Durable CAR T-cell persistence was observed up to 21 months across tumor types, phases, and dose levels.
Phase 1
(n=24) Phase 2
(n=37) All patients
(n=61)
CRS, n (%) 11 (45.8) 15 (40.5) 26 (42.6)
Grade 1, n (%) 5 (20.8) 8 (21.6) 13 (21.3)
Grade 2, n (%) 5 (20.8) 7 (18.9) 12 (19.7)
Grade 3, n (%) 1 (4.2) 0 1 (1.6)
Time to onset, median (range), days 7.5 (2–20) 7.0 (1–11) 7.0 (1–20)
Duration, median (range), days 3.0 (1–17) 3.0 (1–9) 3.0 (1–17)
CRS toxicity management, n (%)
Dexamethasone 4 (16.7) 7 (18.9) 11 (18.0)
Tocilizumab 6 (25.0) 9 (24.3) 15 (24.6)
Methylprednisolone 1 (4.2) - 1 (1.6)
Vasopressin 1 (4.2) - 1 (1.6)
ICANS, n (%) 8 (33.3) 4 (10.8) 12 (19.7)
Grade 1 8 (33.3) 3 (8.1) 11 (18.0)
Grade 2 0 0 0
Grade 3 0 1 (2.7) 1 (1.6)
Time to onset, median (range), days 14.0 (3–30) 8.5 (2–12) 11.5 (2–30)
Duration, median (range), days 2.5 (1–47) 1.5 (1–3) 2.0 (1–47)
ICANS toxicity management, n (%)
Dexamethasone (ICANS) 2 (8.3) 4 (10.8) 6 (9.8)
Tocilizumab (ICANS) 1 (4.2) 2 (5.4) 3 (4.9)
Infections, Grade ≥3, n (%) 2 (8.3) 1 (2.7) 3 (4.9)
Hemophagocytic lymphohistiocytosis, Grade ≥3, n (%) 2 (8.3) 0 2 (3.3)
Prolonged cytopenias,a Grade ≥3, n/n available (%)
30 days after infusion 8/21 (38.1) 11/37 (29.7) 19/58 (32.8)
60 days after infusion 5/21 (23.8) 9/33 (27.3) 14/54 (25.9)
90 days after infusion 4/20 (20.0) 8/30 (26.7) 12/50 (24.0)
a Includes all events related to neutropenia, thrombocytopenia, anemia, and lymphopenia.
CRS, cytokine release syndrome; ICANS, immune effector cell-associated neurotoxicity syndrome.
Table 1: Adverse events of special interest

About GLPG5101 and ATALANTA-1 (EudraCT 2021-003272-13; NCT 06561425)

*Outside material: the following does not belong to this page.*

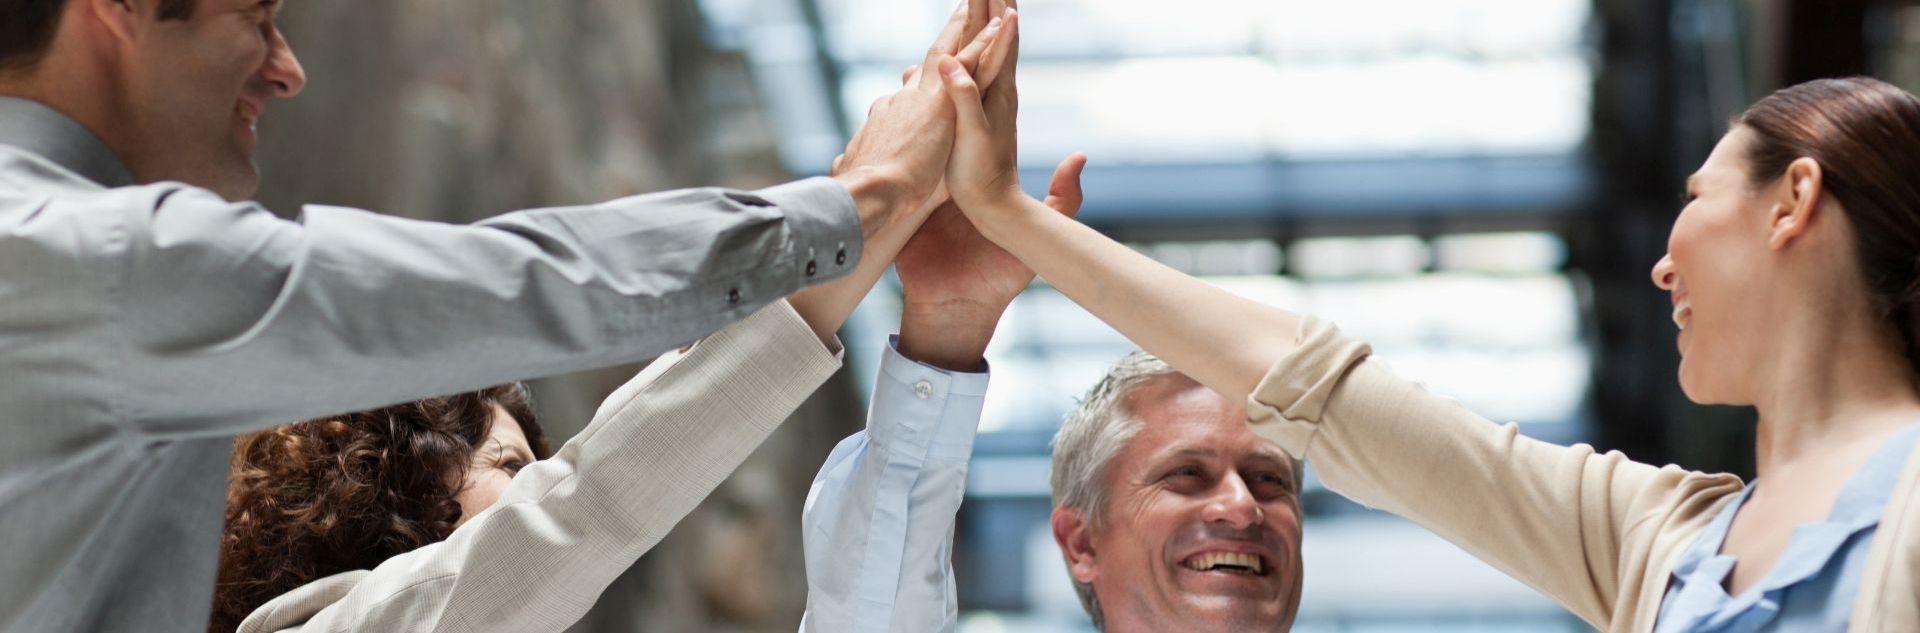 Verlässliche Partner Erfolgreiches Team reicht sich die Hände

GLPG5101 is a second generation anti-CD19/4-1BB CAR-T product candidate, administered as a single fixed intravenous dose. The safety, efficacy and feasibility of decentralized manufactured GLPG5101 are currently being evaluated in the ATALANTA-1 Phase 1/2 study in eight1 hematological malignancies with high unmet need. The primary objective of the Phase 1 part of the study is to evaluate safety and to determine the recommended dose for the Phase 2 part of the study. Secondary objectives include assessment of efficacy and feasibility of decentralized manufacturing of GLPG5101. The dose levels that were evaluated in Phase 1 are 50×106 (DL1), 110×106 (DL2) and 250×106 (DL3) CAR+ viable T-cells. The primary objective of the Phase 2 part of the study is to evaluate the Objective Response Rate (ORR) while the secondary objectives include Complete Response Rate (CRR), duration of response, progression free survival, overall survival, safety, pharmacokinetic profile, and the feasibility of decentralized manufacturing. Each enrolled patient will be followed for 24 months. The ATALANTA-1 study is currently enrolling patients in the U.S. and Europe.